RIDING BACK TO WORK, Sam thinks of Mercedes and Lois and how weird it was that he had not only had but enjoyed conversations with both of them. Two women old enough to be his grandmas (he doesn’t know that Mercedes is only a few years older than his mother; to him anyone with graying hair qualifies as grandmotherly) who not only interested him but made him laugh and vice versa. Go figure!

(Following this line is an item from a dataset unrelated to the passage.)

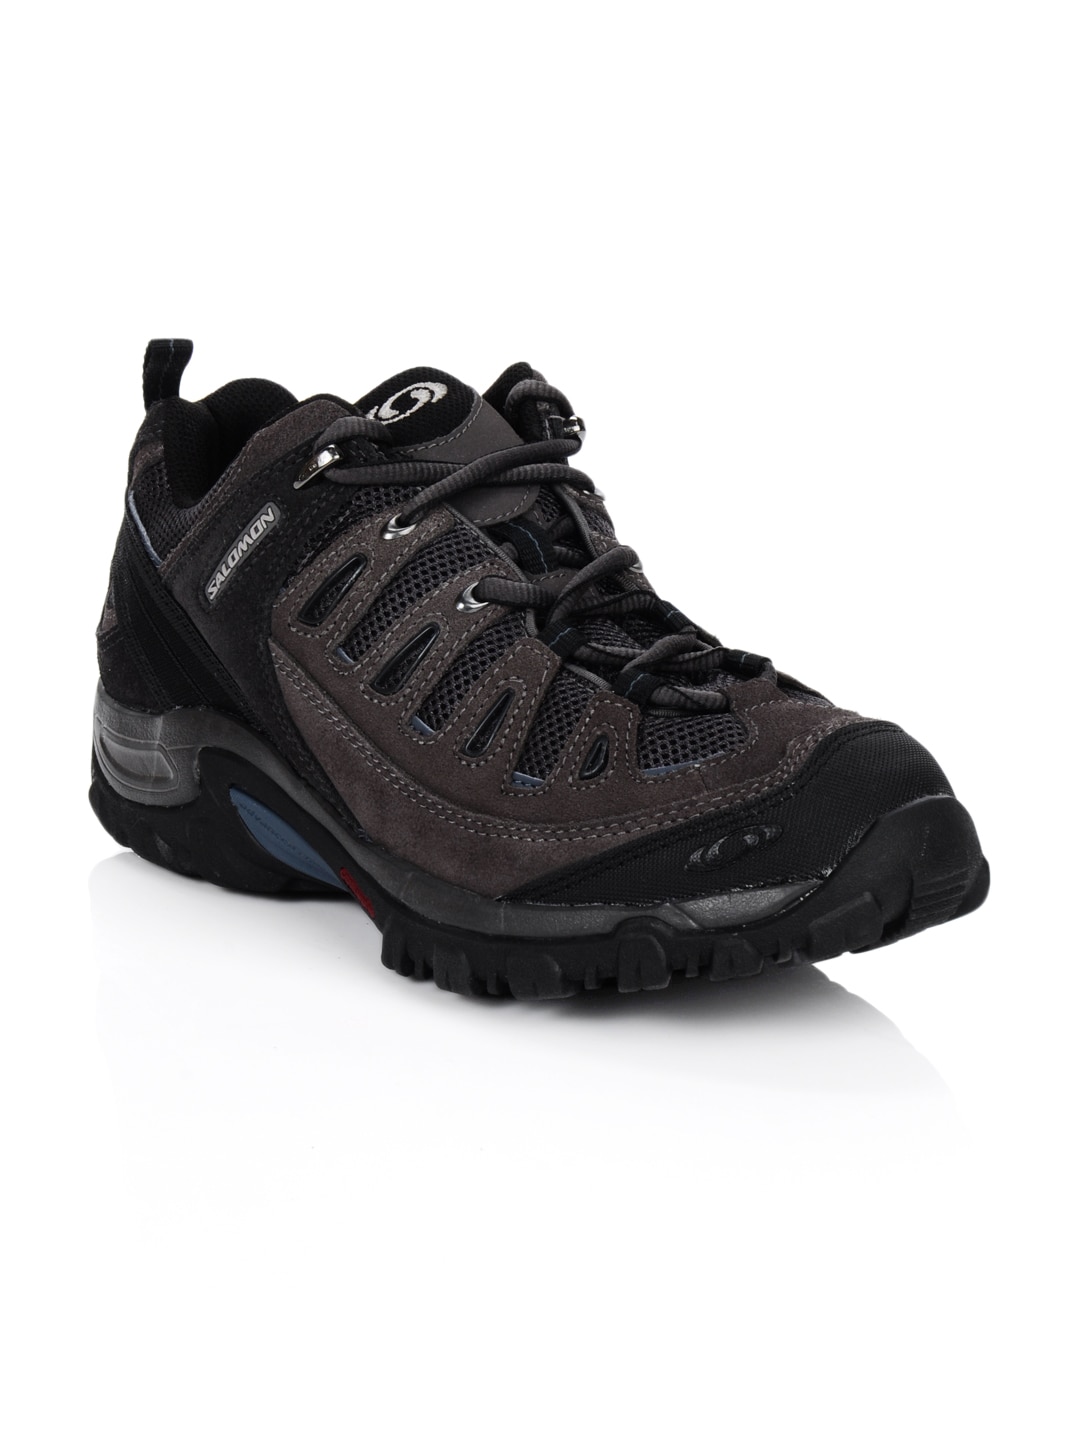 Salomon Men Exit 2 Aero Black Sports Shoes

Back in Haze’s office, Sam, who one weekend with Jack watched a whole marathon of the Nightmare movies on cable, googles the date of the first one released, making it easy to find Haze’s column about the new dog in her files.
November 19, 1984
Well, I went and did it. I know the repercussions might be long-lasting, that my freedom has been compromised, and that I will often question my sanity, but I got another dog, or I should say, he got me. It’s the craziest thing, after having seen a matinee movie, my friend Lois and I were walking around Kingleigh Lake, me more for the calorie-burning exercise (I always ask for extra butter on my popcorn), and Lois more to calm herself, as the movie’s villain had really spooked her. I was reminding her that she was the one who chose A Nightmare on Elm Street over The Terminator (note to the new cineplex owners: why do most of your movie selections cater to teenaged boys?) when a dog was suddenly in step next to us. Really, neither of us saw him dash out from behind a tree or a parked car; it was as if he appeared out of thin air.
“Where’d you come from?” I asked the scruffy, collarless canine, but being a canine, he of course didn’t tell me, although his mouth did seem to offer a smile (really!), a greeting of “Howdy!”